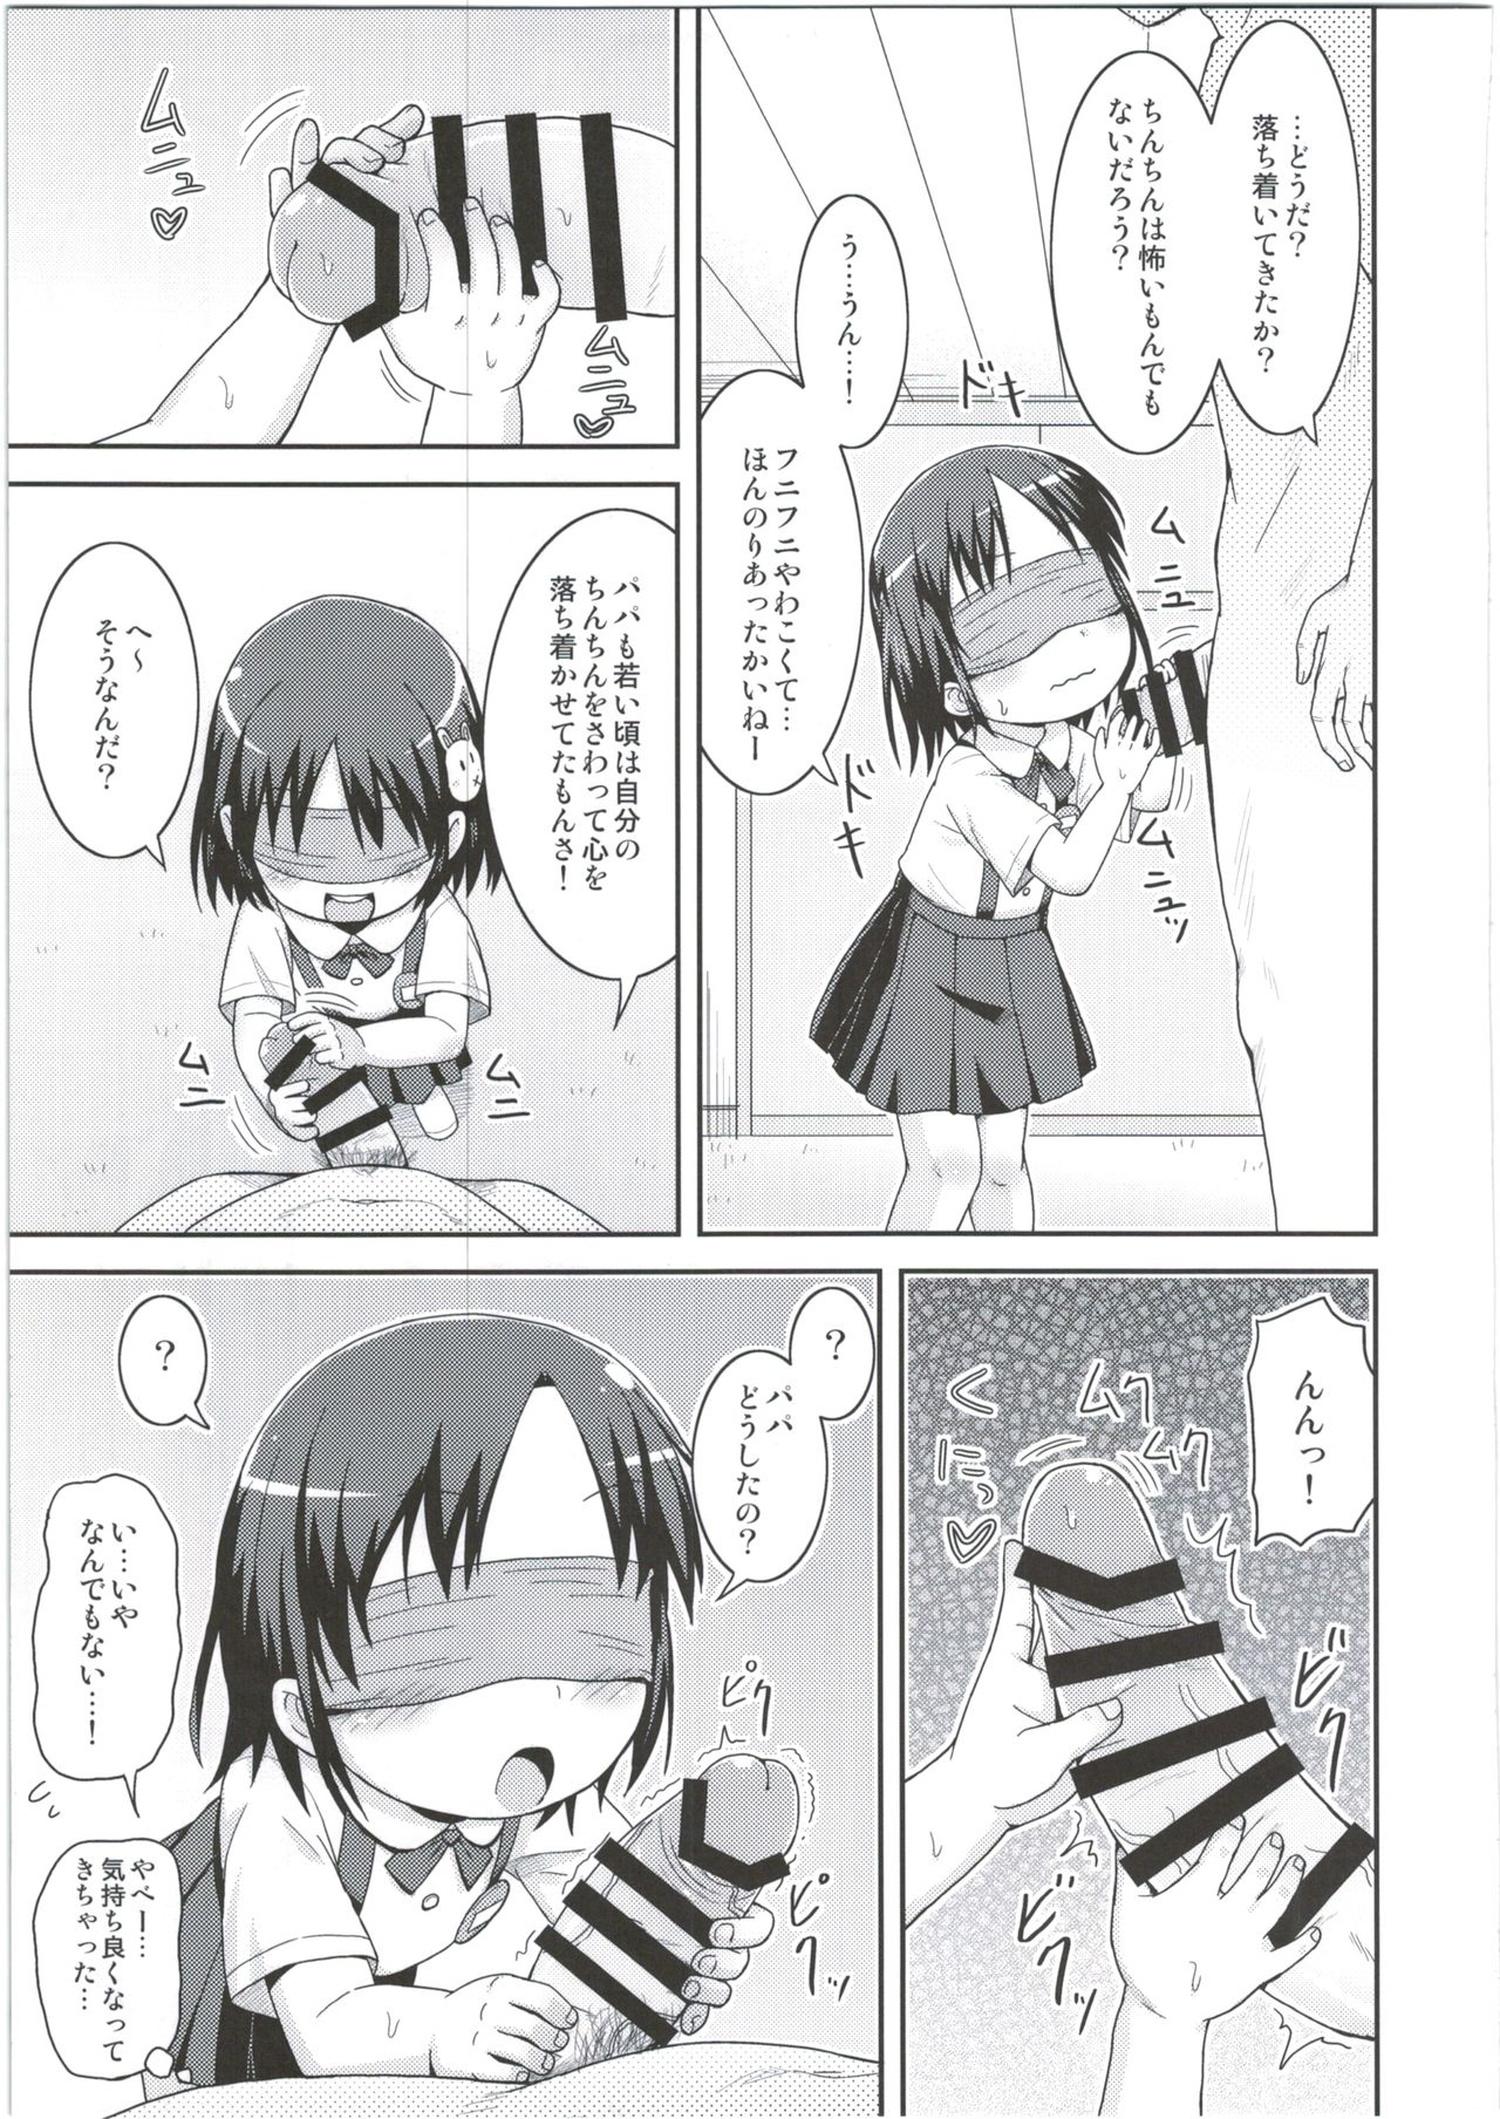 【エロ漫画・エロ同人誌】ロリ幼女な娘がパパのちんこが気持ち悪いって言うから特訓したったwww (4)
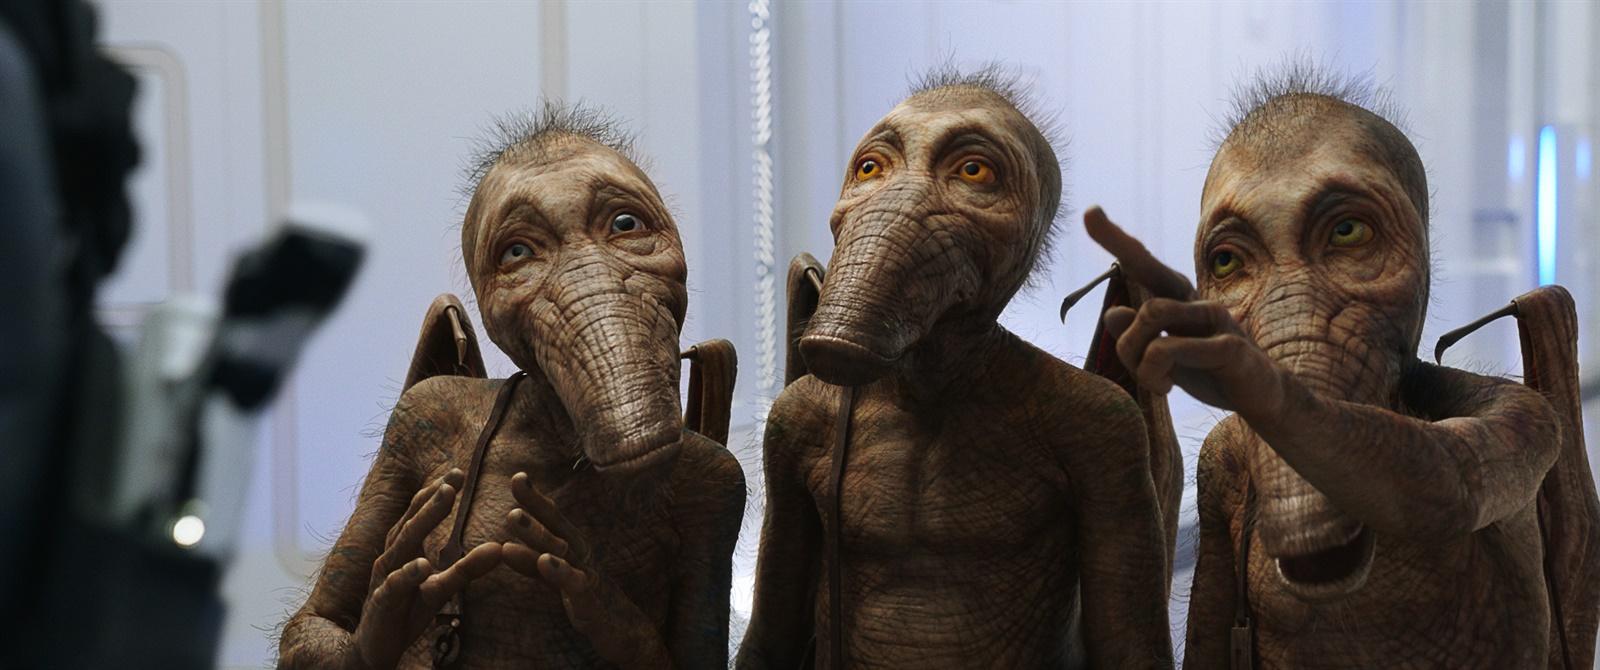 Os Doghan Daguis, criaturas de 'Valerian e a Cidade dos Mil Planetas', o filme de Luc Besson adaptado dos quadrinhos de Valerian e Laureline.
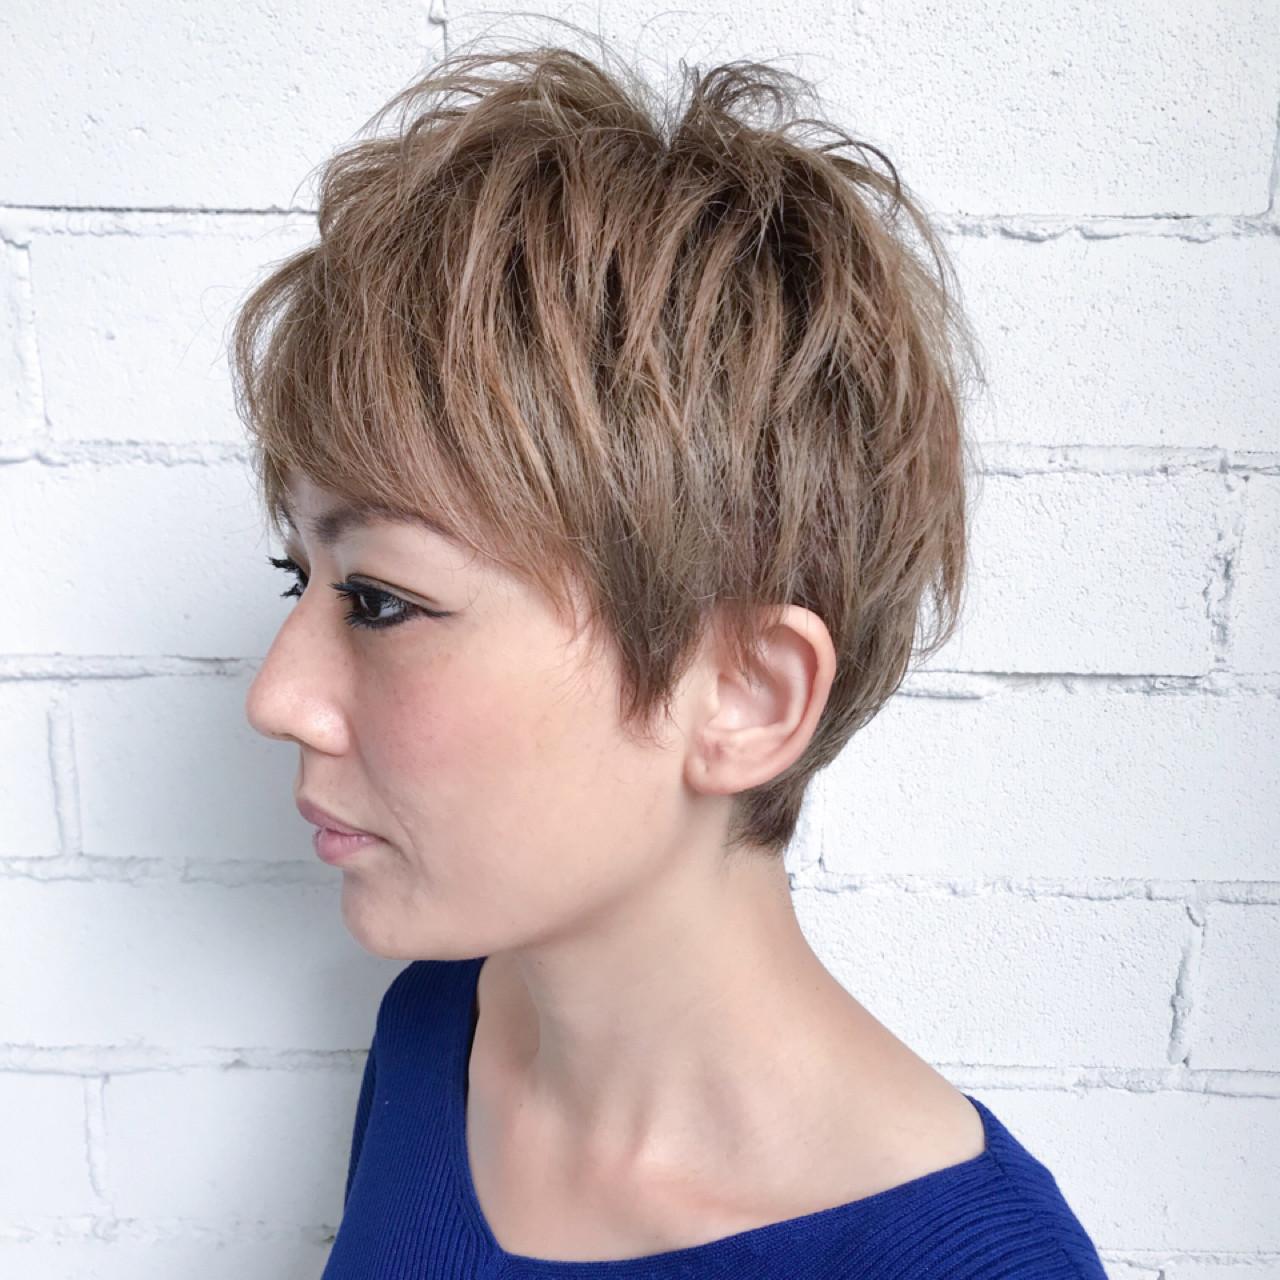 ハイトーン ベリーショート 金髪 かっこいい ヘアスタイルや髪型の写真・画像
-*-
(Directions) An exact copy of the listing is required, excluding any pictures.

(Written answer)
 【エロ漫画・エロ同人誌】ロリ幼女な娘がパパのちんこが気持ち悪いって言うから特訓したったwww (4)
 Os Doghan Daguis, criaturas de 'Valerian e a Cidade dos Mil Planetas', o filme de Luc Besson adaptado dos quadrinhos de Valerian e Laureline.
 ハイトーン ベリーショート 金髪 かっこいい ヘアスタイルや髪型の写真・画像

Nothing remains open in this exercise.